Сайт продается, подробности: whatsapp telegram
Скачать:PDFTXT
Комментарии к «Евгению Онегину» Александра Пушкина

издание», «перевод А.П…о», с предисловием Шарля Нодье, 8 т., 1822–25 (первые 5 томов вышли в 1822 г., с «Чайльд-Гарольдом» в т. II; первые пять песен «Дон Жуана» — в т. VI, 1823, остальные — в т. VII, 1824).

При написании настоящих комментариев я опирался на 2-е и 4-е издания.

В письме от ноября 1824 <1825> г. из Михайловского Вяземскому в Москву Пушкин замечает: «прочитав первые две [песни „Дон Жуана“], я сказал тотчас [Николаю] Раевскому, что это Chef-d’oeuvre Байрона, и очень обрадовался, после увидя, что Walter Scott моего мнения» (замечания Скотта, сделанные им в «Edinburgh Weekly Journal», 19 мая 1824 г., были процитированы в русской периодике).
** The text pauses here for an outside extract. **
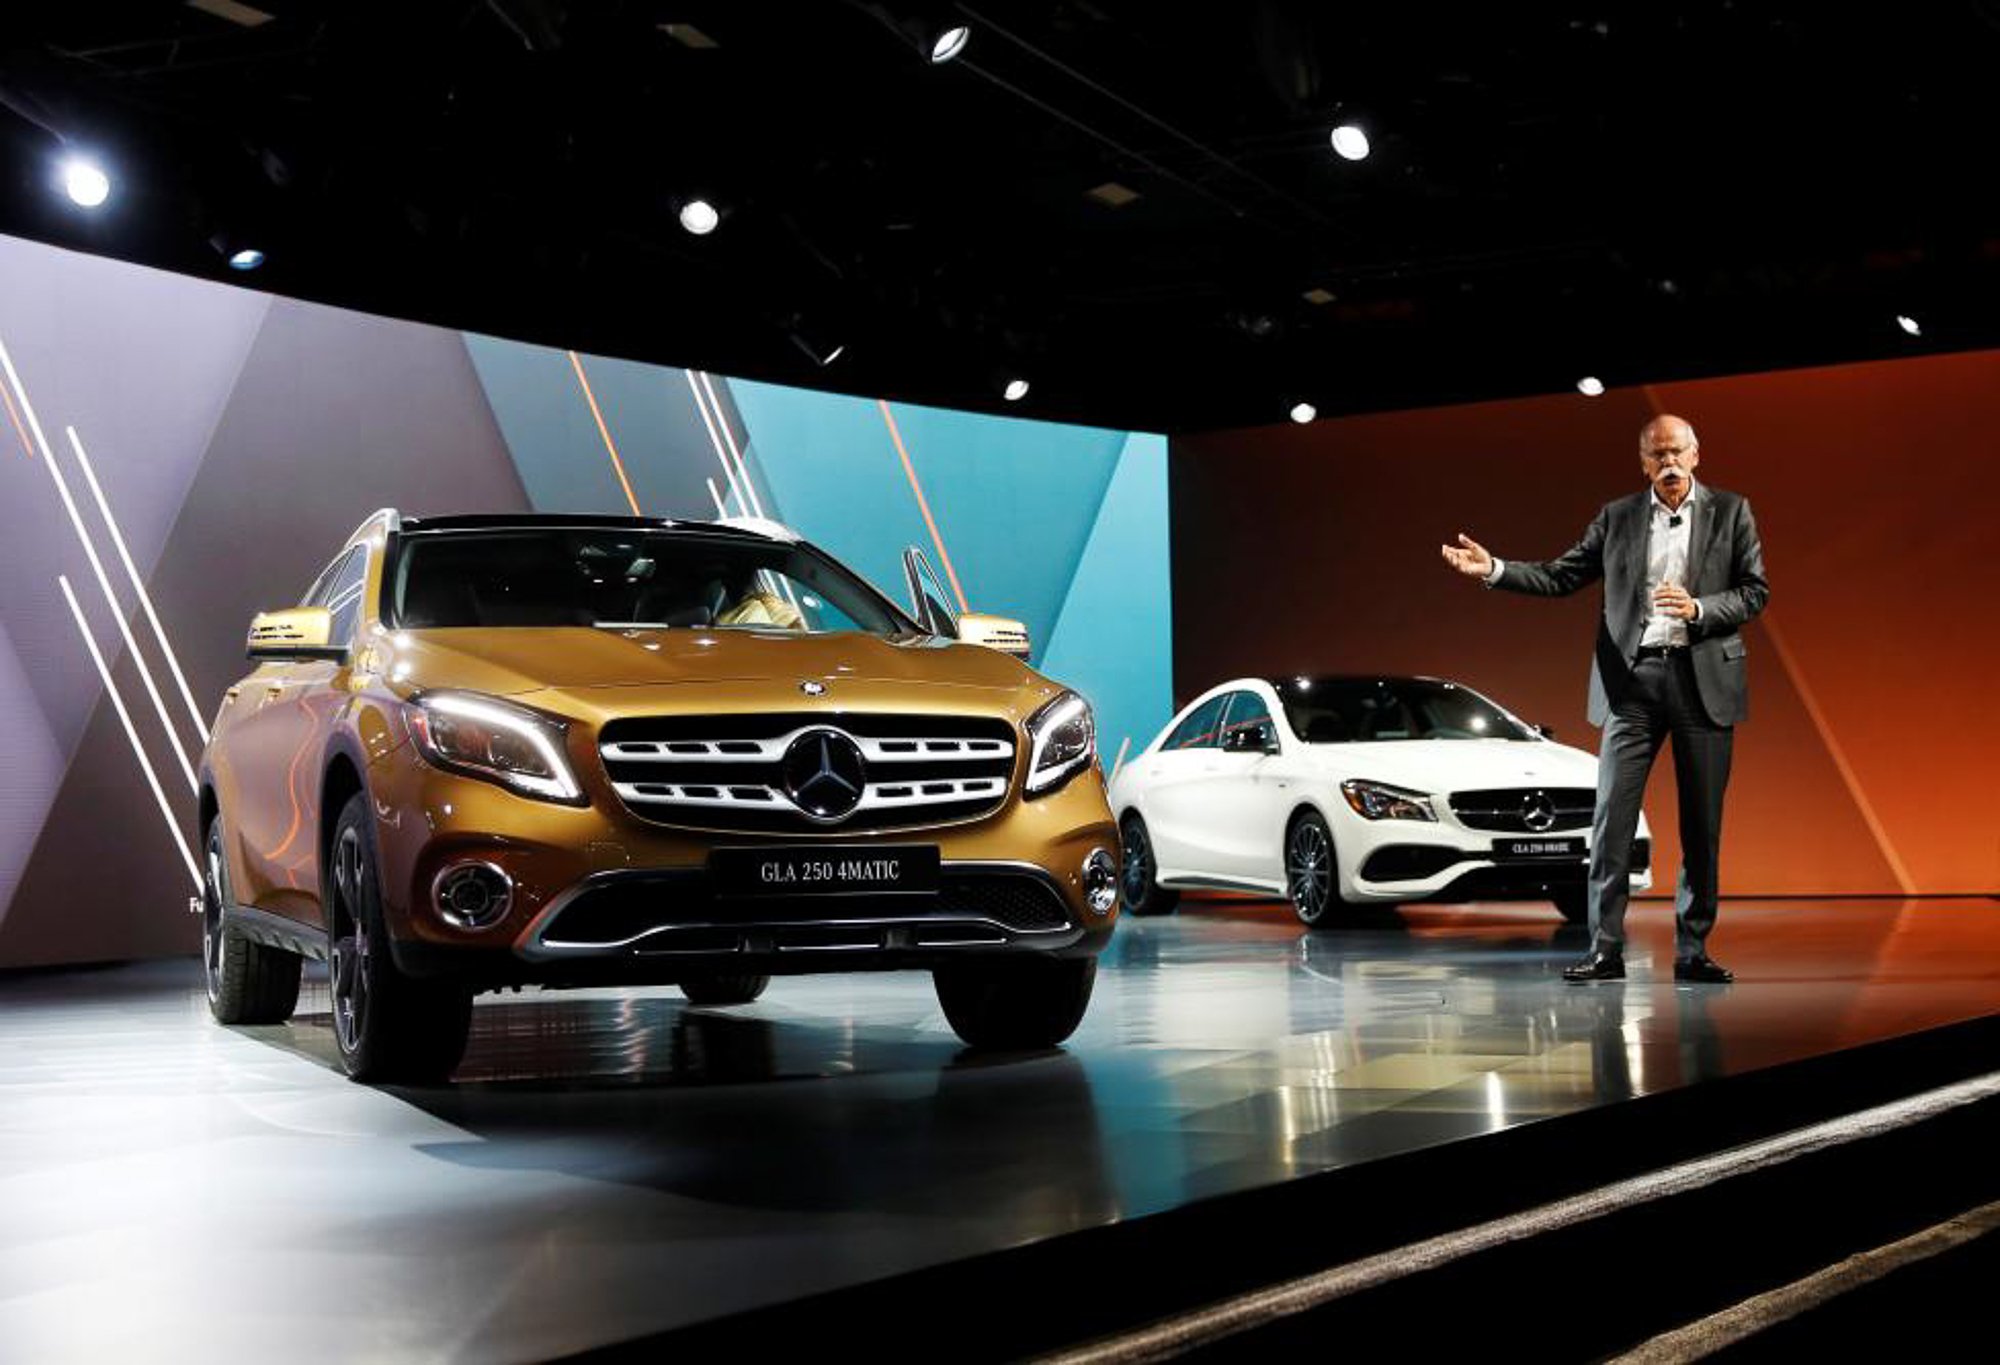 Chairman of the Board of Directors of Daimler AG Dieter Zetsche speaks in front of the revealed Mercedes-Benz GLA 250. PHOTO: REUTERS

Эти первые две песни «Дон Жуана» Пишо появились в т. VI, 1820, и Пушкин читал их (и последние две песни «Паломничества») впервые между январем 1821 г. и маем 1823 г. либо в Каменке (Киевская губерния), либо в Кишиневе. Впоследствии, не позднее осени 1824, он получил две песни «Дон Жуана», которые уже знал, а также три следующие песни — в т. VI четвертого издания Пишо (1823).

В том же письме к Вяземскому от ноября 1824 <1825> г. из Михайловского в Москву пассаж, предшествующий уже процитированному, гласит: «Что за чудо „Дон Жуан“! Я знаю только пять первых песен».

Наконец, в декабре 1825 г., в Михайловском, благодаря любезной помощи своих друзей, Аннеты Вульф и Анны Керн, Пушкин раздобыл из Риги (этих ворот литературного Запада) остальные одиннадцать песен «Дон Жуана», в т. VII Пишо (1824).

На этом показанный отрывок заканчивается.